- [Records]:
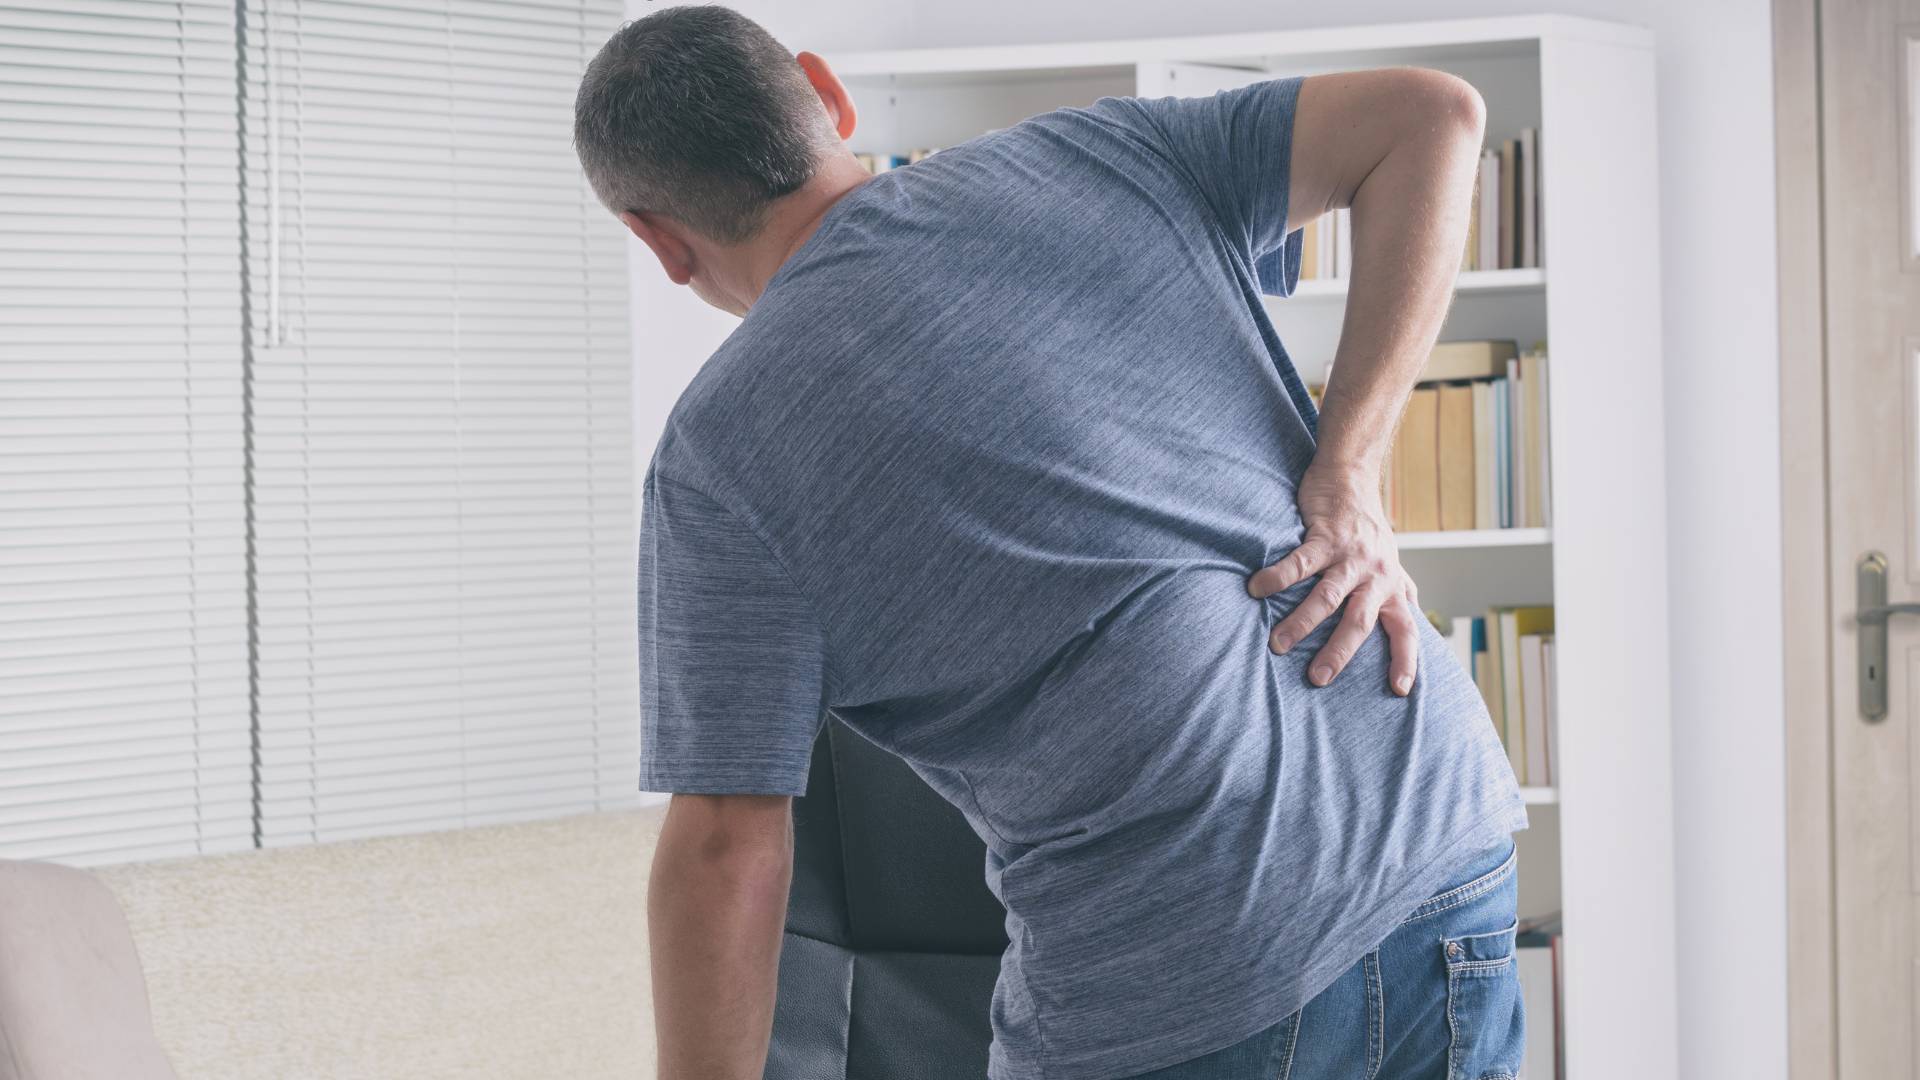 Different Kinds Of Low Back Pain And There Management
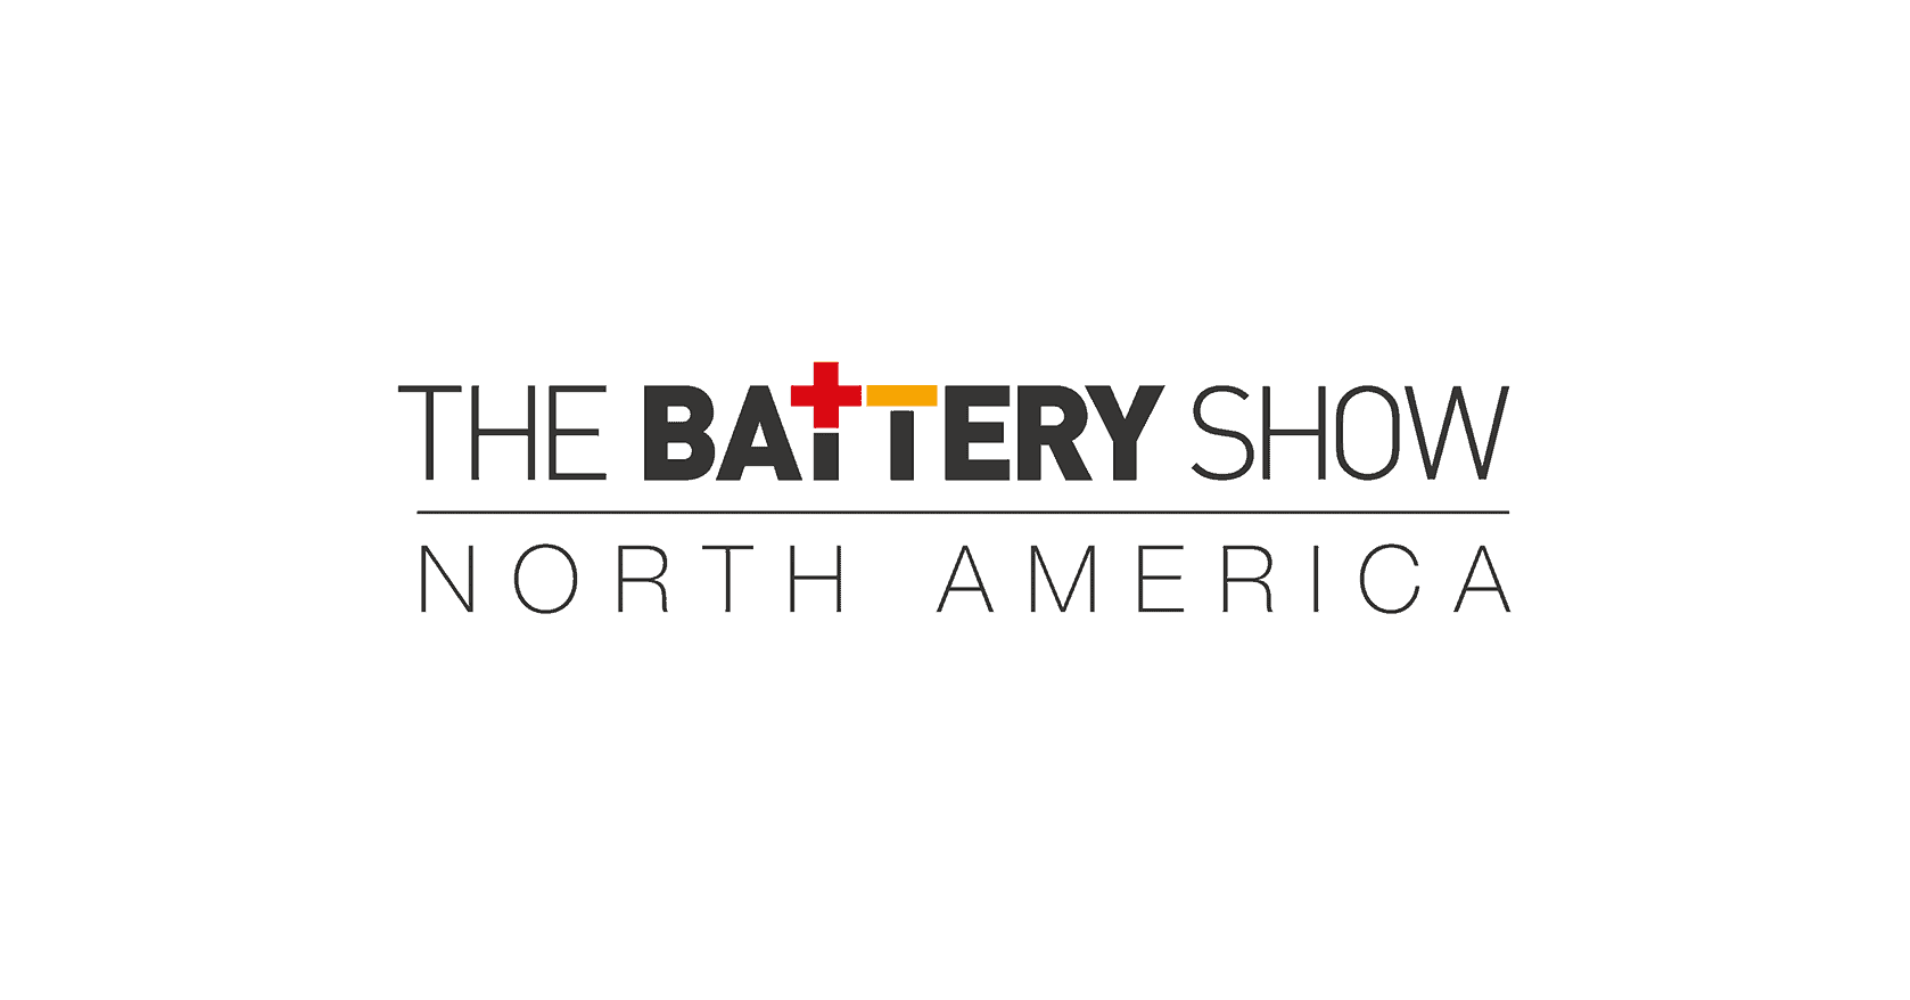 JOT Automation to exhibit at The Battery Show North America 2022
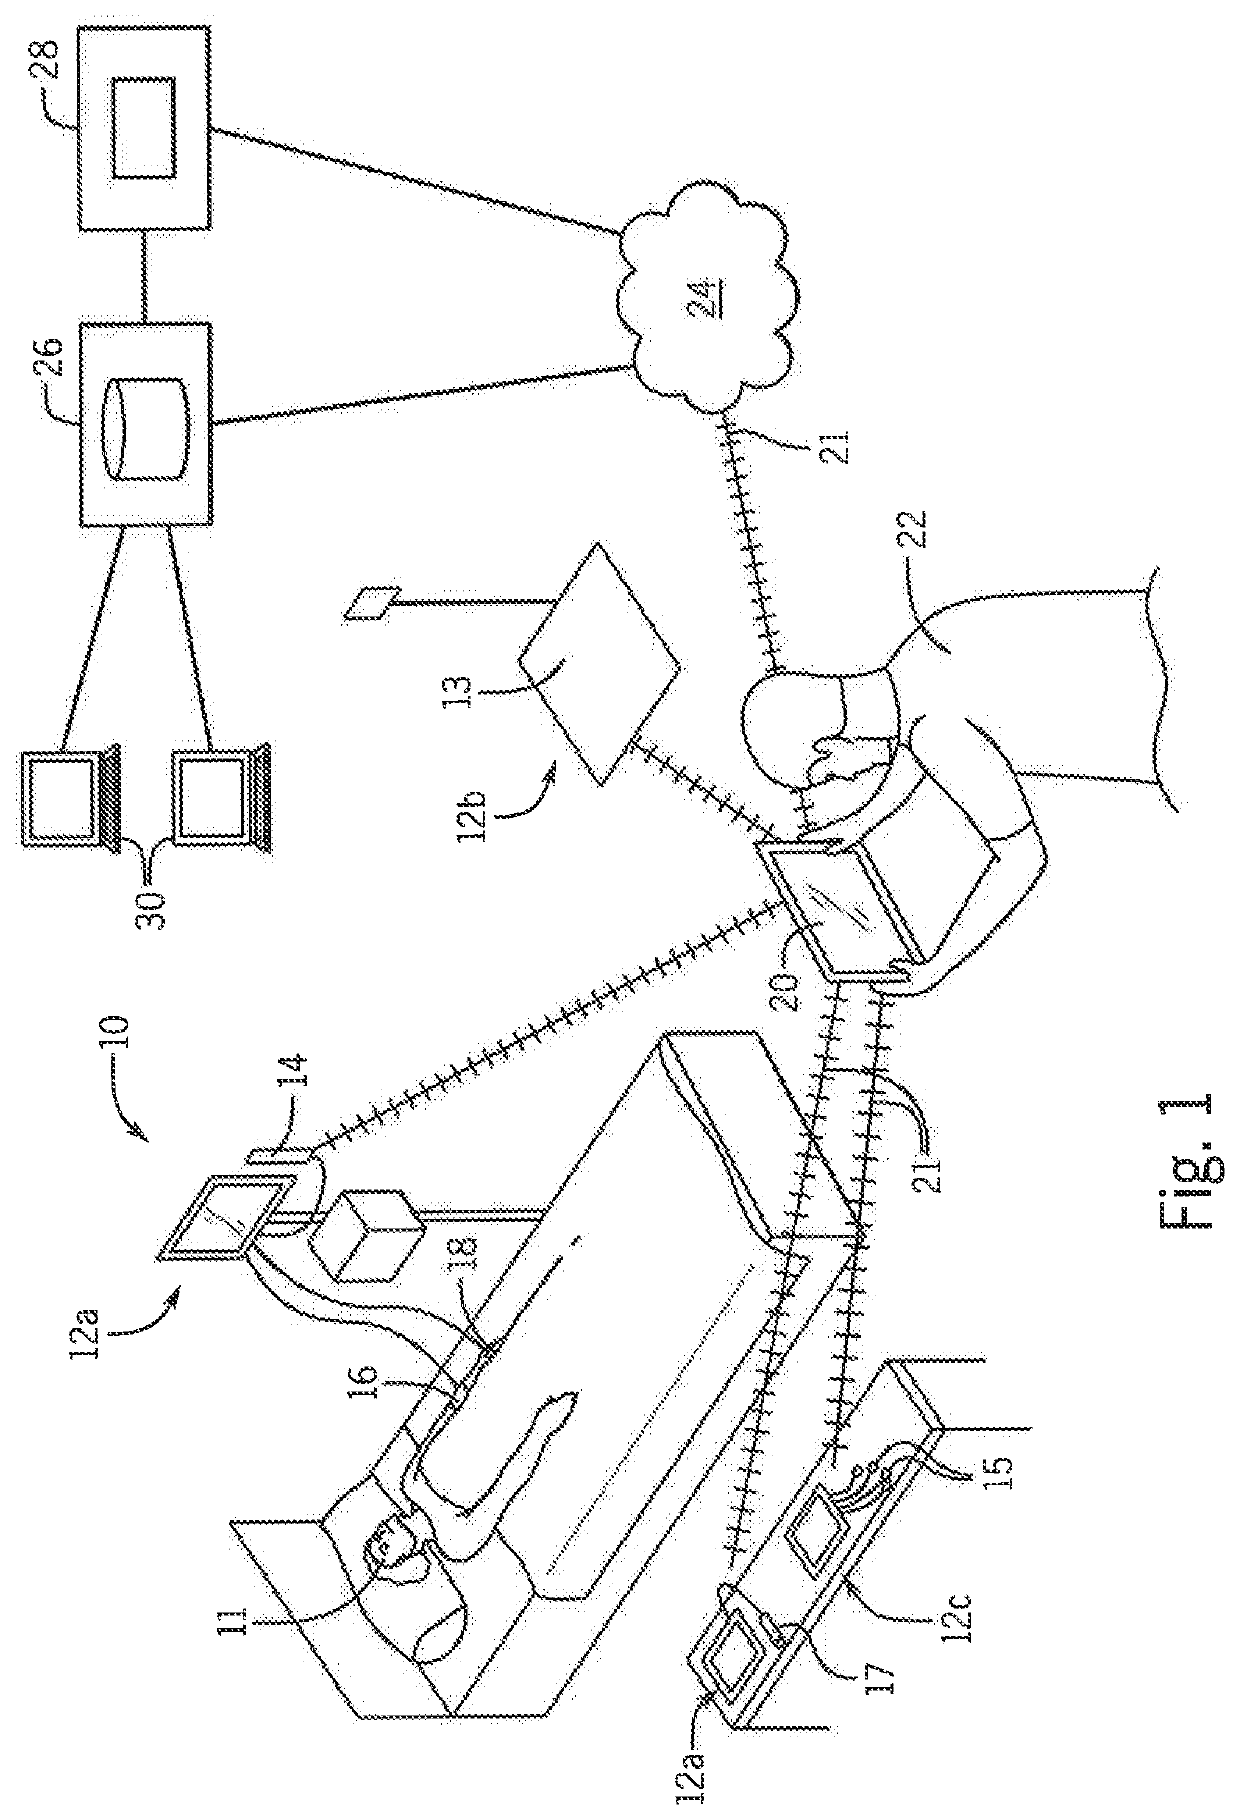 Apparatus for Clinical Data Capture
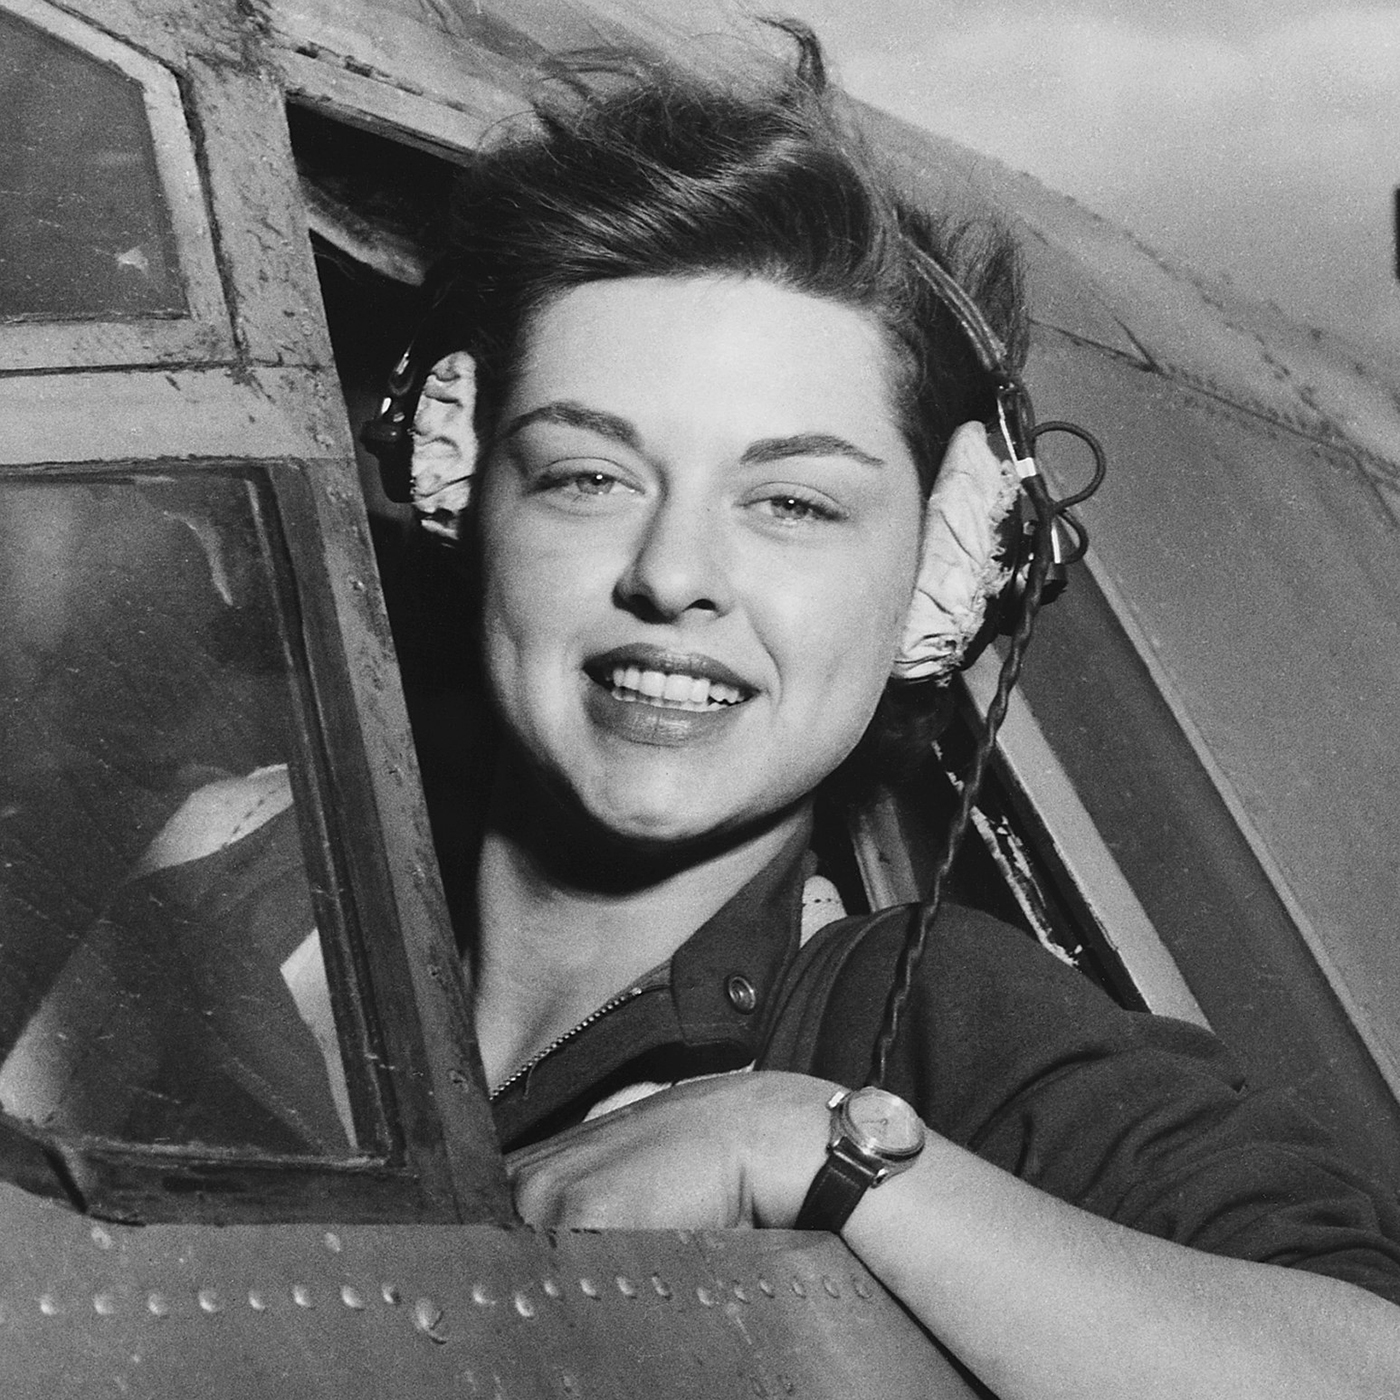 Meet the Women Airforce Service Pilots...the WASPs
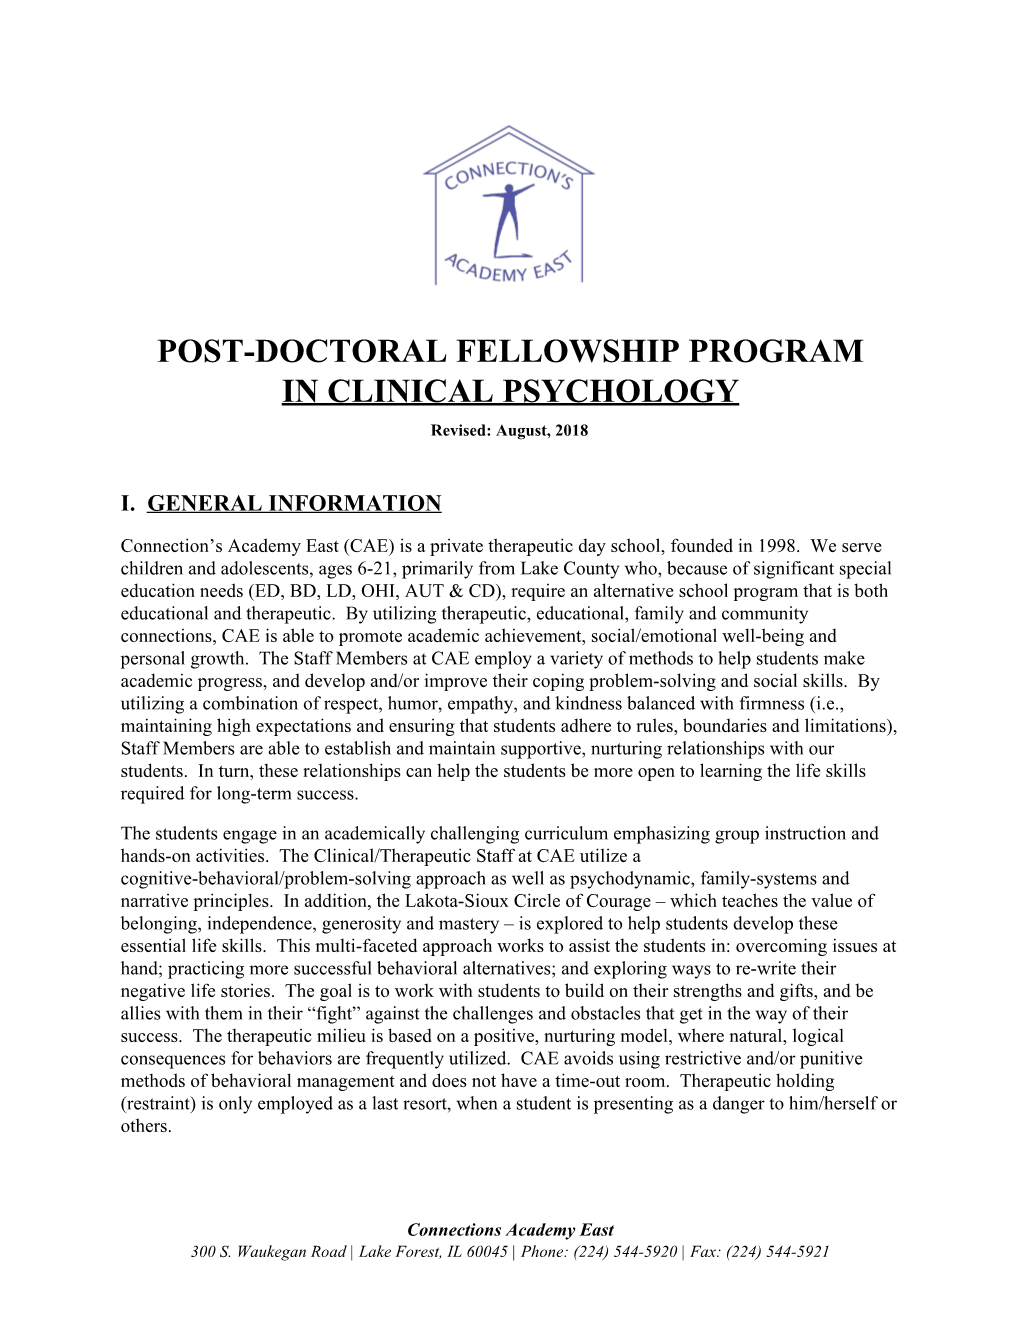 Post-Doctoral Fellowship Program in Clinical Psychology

- [What is required]: Everything from the line with "JOT Automation to" through the last line of the listing above is to be copied exactly, both ends included, except the pictures.

- [The completed task]:
 JOT Automation to exhibit at The Battery Show North America 2022
 Apparatus for Clinical Data Capture
 Meet the Women Airforce Service Pilots...the WASPs
 Post-Doctoral Fellowship Program in Clinical Psychology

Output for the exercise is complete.